"For I was hungry and you gave me something to eat, I was thirsty and you gave me something to drink, I was a stranger and you invited me in" ~Matthew 25:35
This morning I was in the back yard of the clinic, writing in my journal and enjoying the brisk morning before the start of a new shift. As I was relaxing and thinking, the dogs next door started barking, announcing the arrival of 'intruders' in the back alley; and soon after, two middle aged women came into view, huffing and puffing. As they caught sight of me, one of the women came towards the fence, waving to catch my attention. She called out to me, asking if she could have a bottle of water. As God would have it, I had just gotten a bottle of water from a friend the night before, and was able to pass that on to this young woman. She went on her way with a whoop and a holler, running to catch up with her friend while at the same time yelling out what had happened to her. Though I wasn't too sure about her over-enthusiasm, I was clad that I could be a blessing to her.

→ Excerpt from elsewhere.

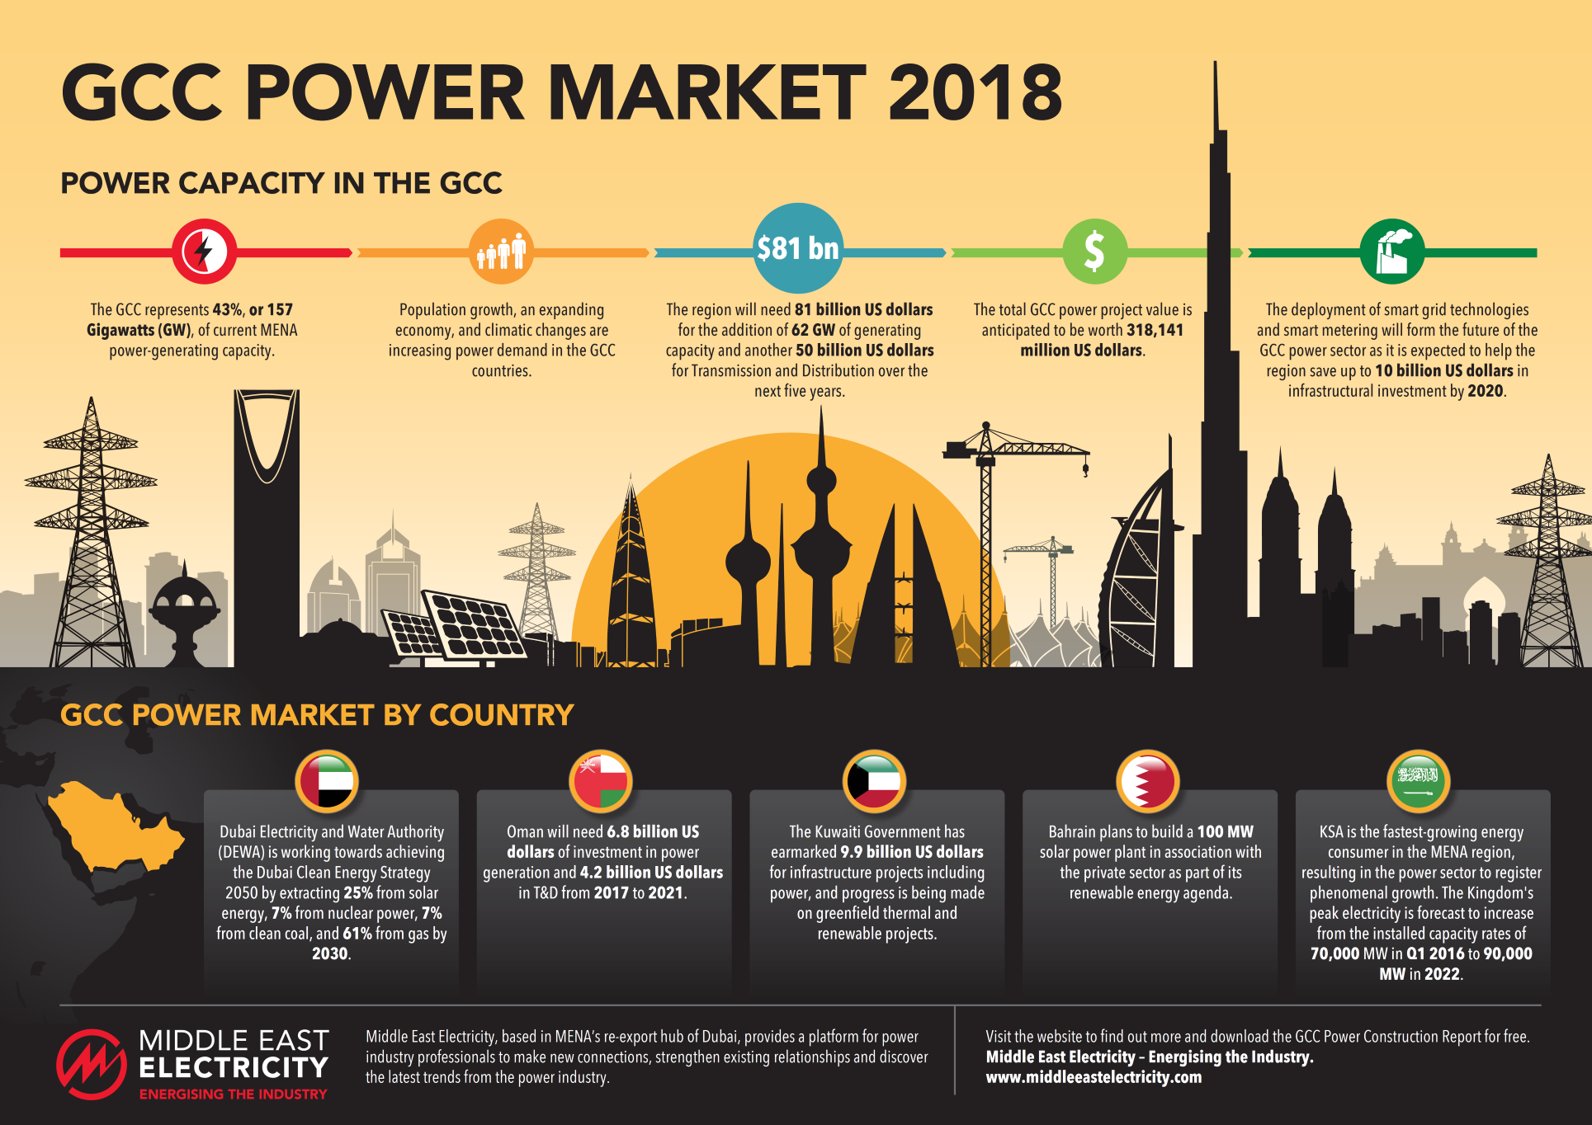 Narabar bus Anvendelse Middle East Energy on Twitter: "Do you have the 2018 copy of the #GCC #Power  Market Report? Learn what 2018 has in store for #energy trends and projects  in the #MiddleEast power

But, just a couple of minutes later, I saw this same woman shooting up in the alley behind the clinic. In that moment, I doubted whether I should have shared the water with her, if my gift had meant anything at all to her, if she had just been seeing if she could take advantage of me in some way. So quickly did my attitude change from open and giving to closed and suspicious, all based on the fact that now I knew about her drug addiction (which should have instead alerted me to the fact that here was another person in need of love).
This made me think. My first reaction was that I had done something wrong in giving the water. But then I realized that, in reality, God doesn't say much about the recipient's use of what we give them, He seems to focus more on our attitude of generosity, that we take joy in giving to others what He has shared with us, that we overflow with the love that He has given us. My responsibility is not to control how others use what I can give; my responsibility is to live with open hands, remembering that all I have is a result of God's generosity towards me.